– Да где заломлено?
Светел указал в сугробе прутик. Две половинки, связанные лоскутком коры.
– А вон и след тянется!.. – выметнул руку Зарник.
Небыш весело ударил песню:
– А стать почитать, стать сказывать!
– Глуши струночки, – велел Гарко. – Потиху станем идти.
След перепархивал по макушкам плотных сугробов. Не лунками – птичьими невесомыми отметинами, почерком быстрых крыл. Светел зримо представил, как в густых сумерках здесь серым заюшкой скакал тощий мальчонка: вот бы «дяденьку» за недолгое добро отдарить и своим не попасться…
От дороги след круто сворачивал к самому водопаду. Обнимал скалу, нырял под застывшее низвержение падуна. Сюда не намело снегу, лапки с хрустом сминали морозное кружево брызг, в зеленоватой сутеми блуждали шёпоты отголосий. Местами проход был совсем узким, ребята протискивались по одному, притихшие, настороженные. Будто мало им было моста – опять на свою сторону Рукавицы! Да не над рекой, а под ней! Только что покинутый берег уже мнился чужим, непривычным. Чего угодно можно дождаться.

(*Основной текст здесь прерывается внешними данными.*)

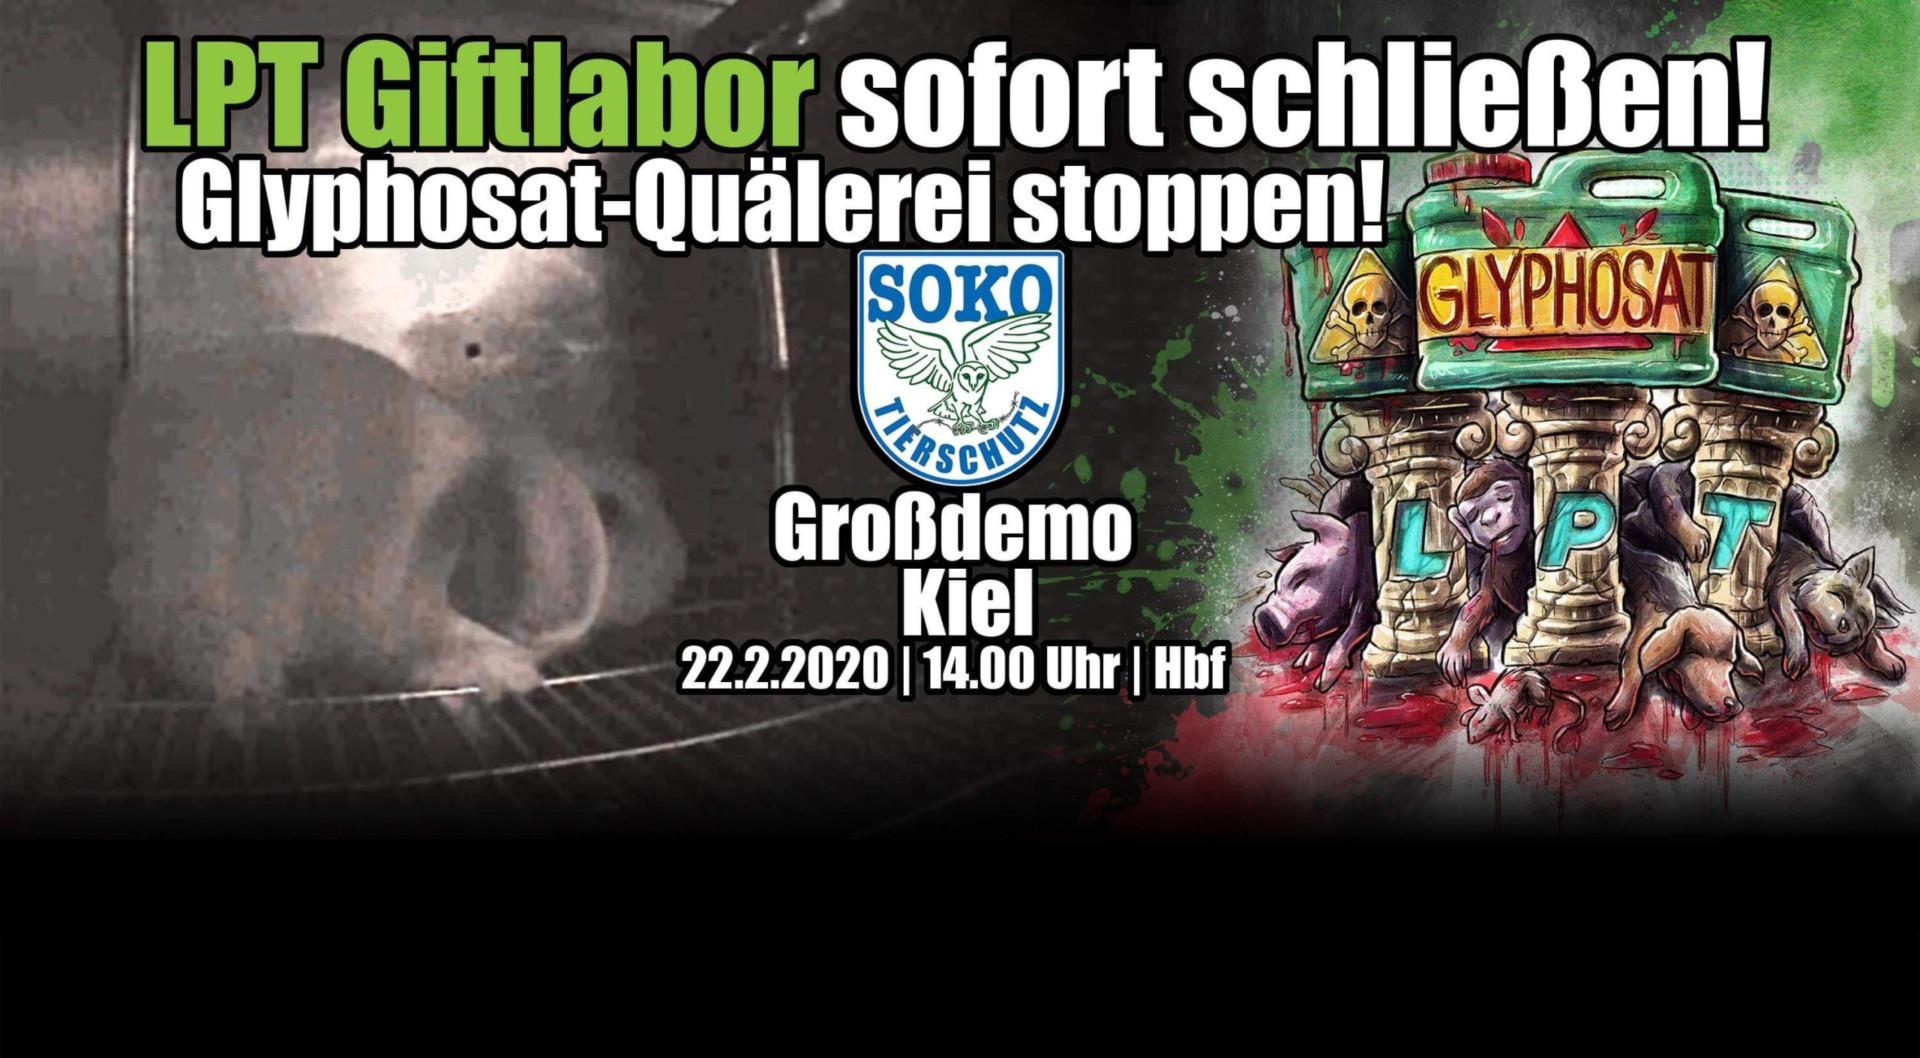 img 3438 scaled - Groß-Demo in Kiel (22.02.) - LPT-Giftlabor sofort schließen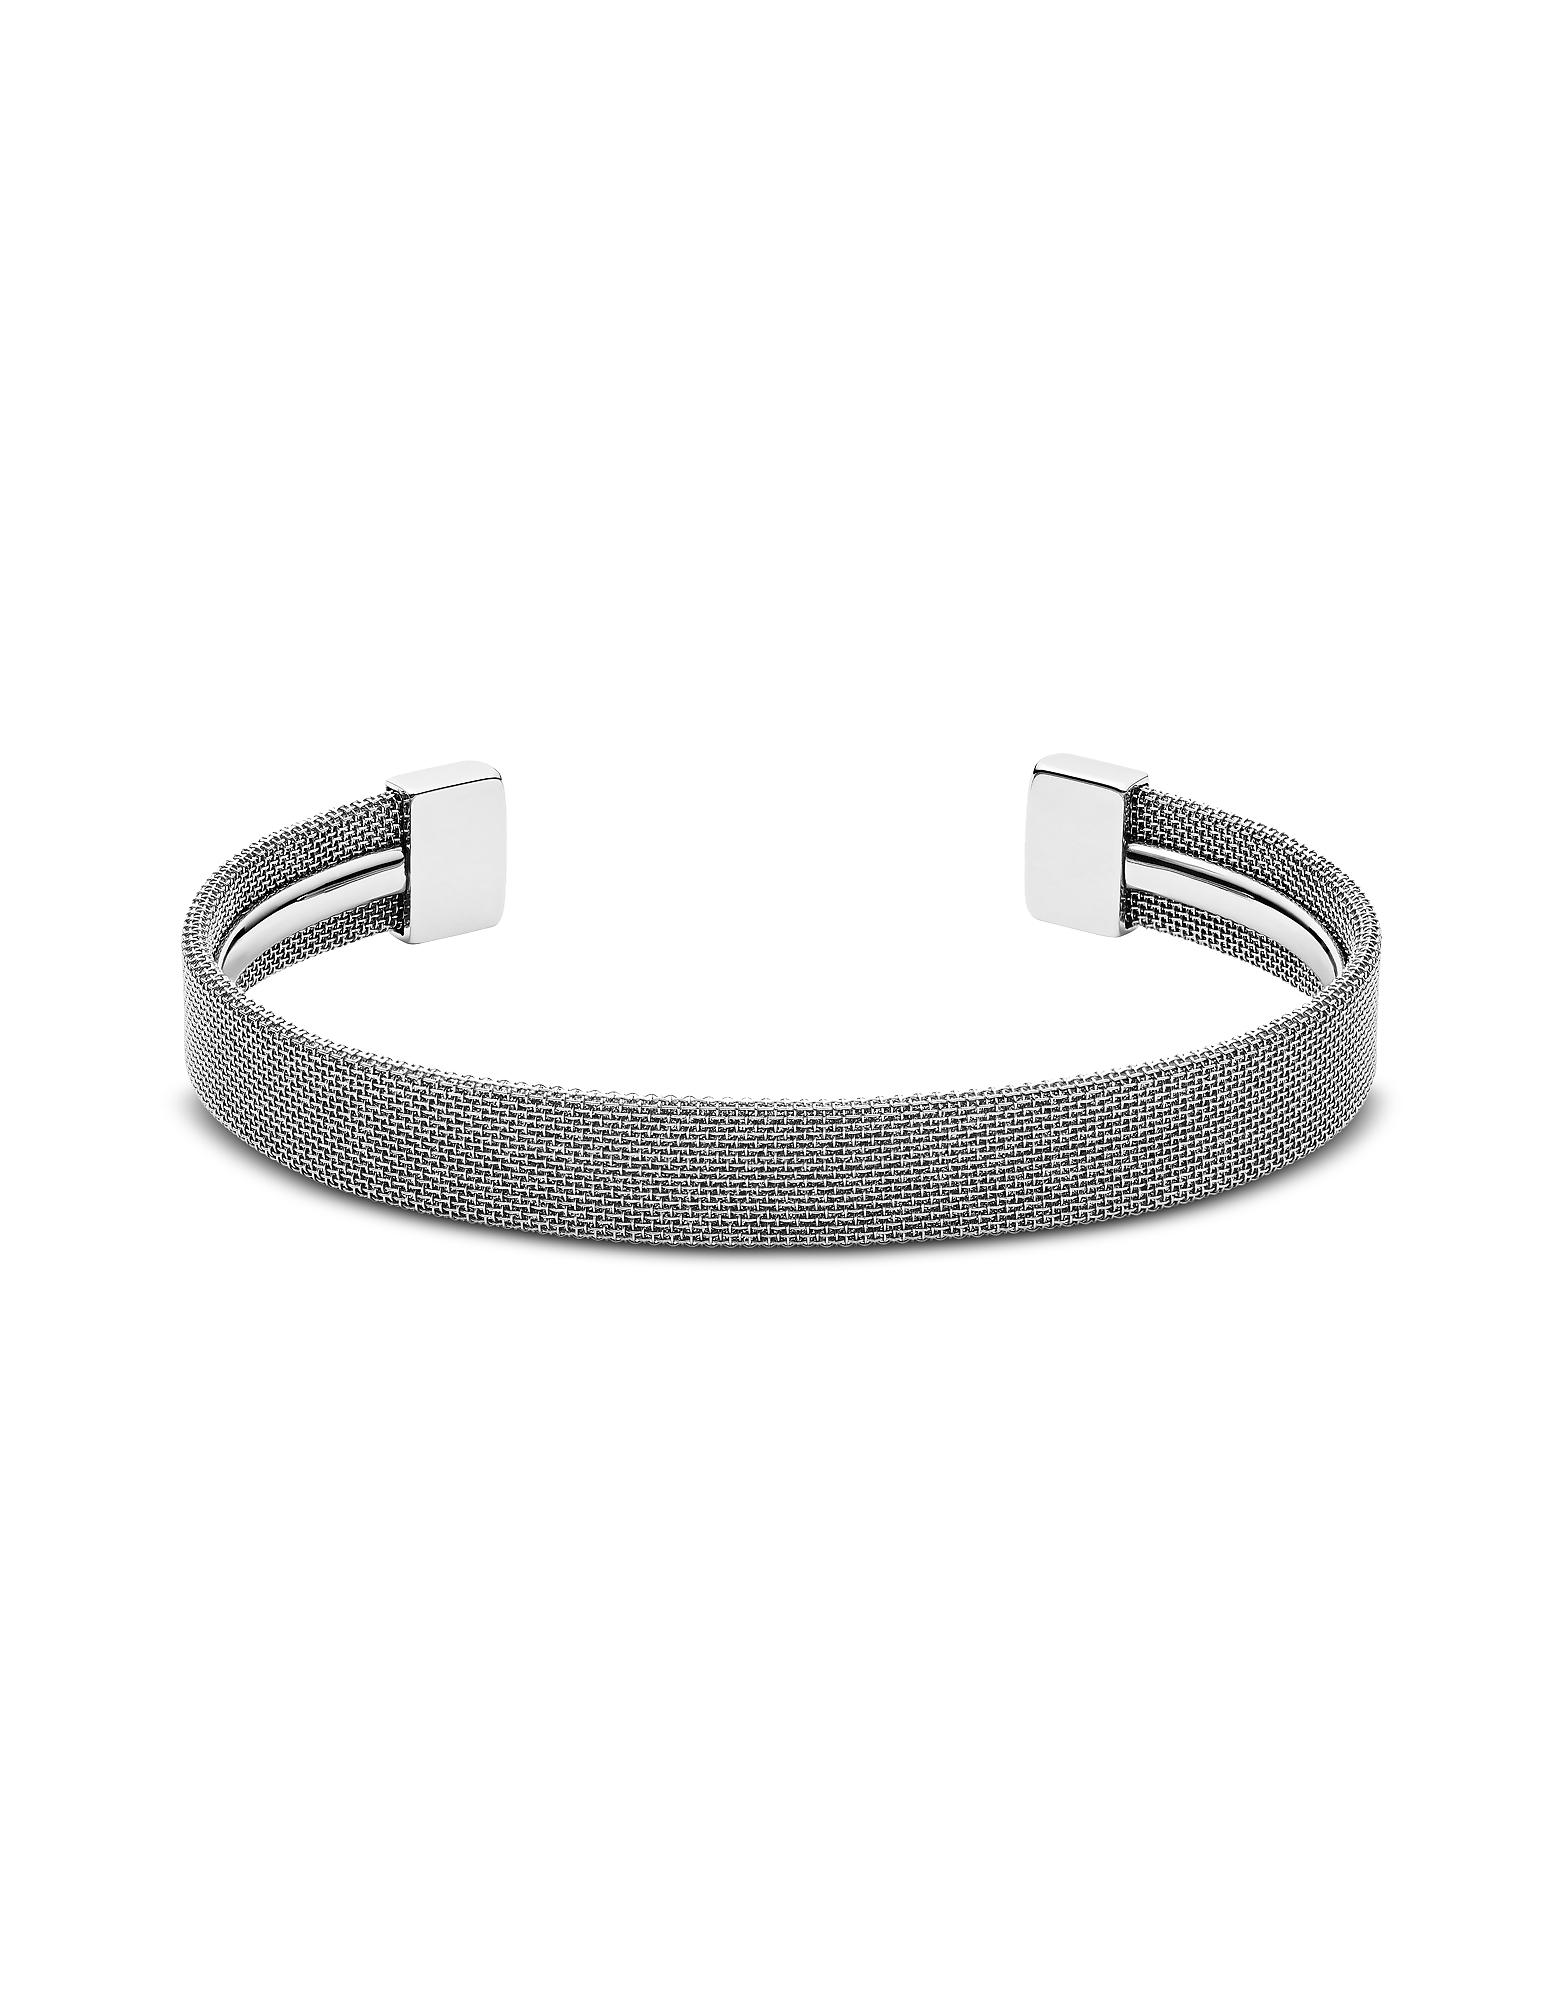 Skagen Bracelets, SKJ1151040 Merete Women's Bracelet

Не приближаясь к дороге, лёгкий Котёхин след взмывал на обдутый ветром откос, бежал вдоль берега ещё дальше вверх, против течения, давно остановленного, но всё равно – против… Вот свернул в устье былого ручья, берега? в сыпучих перинах уброда стали расти, сдвигаться по сторонам.
«Тихо-то как… – И Светел вдруг усомнился: – Понадобилось же нам вкрадываться! Нет бы зряче на засаду пойти и тем усрамить…»
Его словно толкнуло, он вскинул глаза.
Увидел белый ком, летящий к нему из чёрного ельника.
Ком вертелся в воздухе и, наверно, свистел, но Светел слышал низкое, злое гудение, уже видя, где должен был завершиться почти прямой лёт белого кулака. Опытный пращник метил в гусли.
Тело не стало ждать мысли. Светел обнял дедушкину снасть, развернулся… В щит за плечами шарахнуло дубиной, едва устоял.
– Засада!..
Крик чуть припоздал. Слева, справа, сзади летели ещё комья.
– Кли… – начал Гарко.
Светел увидел, как дёрнулась его голова. Ядрецо щёлкнуло по виску, высекло кровавые брызги. Воевода жутковато запрокинулся, рухнул навзничь, разбросал руки. Потонул в пухлом снегу. Светел бросился над ним на колени. По щиту, по ногам кистенями молотил градобой.
– За Ойдриговичей! – орали из чащи. – Бей дикомытов!
Дружина, след в след тянувшаяся серединой ручья, начала бестолково сбиваться. Древко с зачехлённым знаменем кренилось туда и сюда. Мелькнуло лицо Зарника: прикушенная губа… Пальцы Светела будто своей волей оказались на струнах, повторили оборванное:
«Клином стройся!»
С третьего раза ребята услышали знакомый призыв. Не зря собирались на озере между Затресьем и Твёржей, недаром терпели взрослые смешки и попрёки.
«Щиты панцирем!»
Этот приказ двое гуслей вызвонили уже согласно, бодро и зло. Крепкие плетёнки брякнули венцом о венец. Выпрямилось знамя. Растерянная ватажка сплачивалась в дружину. Визжащие ядра по-прежнему сотрясали щиты.
– Это за Бакуню вам! – неслось с берегов. – За Дегтяря!
«Какой такой Бакуня?..» Ясно было одно: отверстаться за неведомого пострадальца намерились без шуток. Пращники заготовили не крохлые снежки ребячьих забав – гвоздили ледяными шарами, промороженными до жестокости камня.
«А вот прорвёмся! А вот не удадим – победим!»
Светел натянул бездвижного Гарку на опрокинутый щит. Пол-лица в кровавом снегу, на губах пузыри.
– Зарник, что молчишь? Зарник!..
Подвоевода вертел головой по сторонам.
– Выходить надо! – сказал Светел. – Стоять будем, вовсе забьют!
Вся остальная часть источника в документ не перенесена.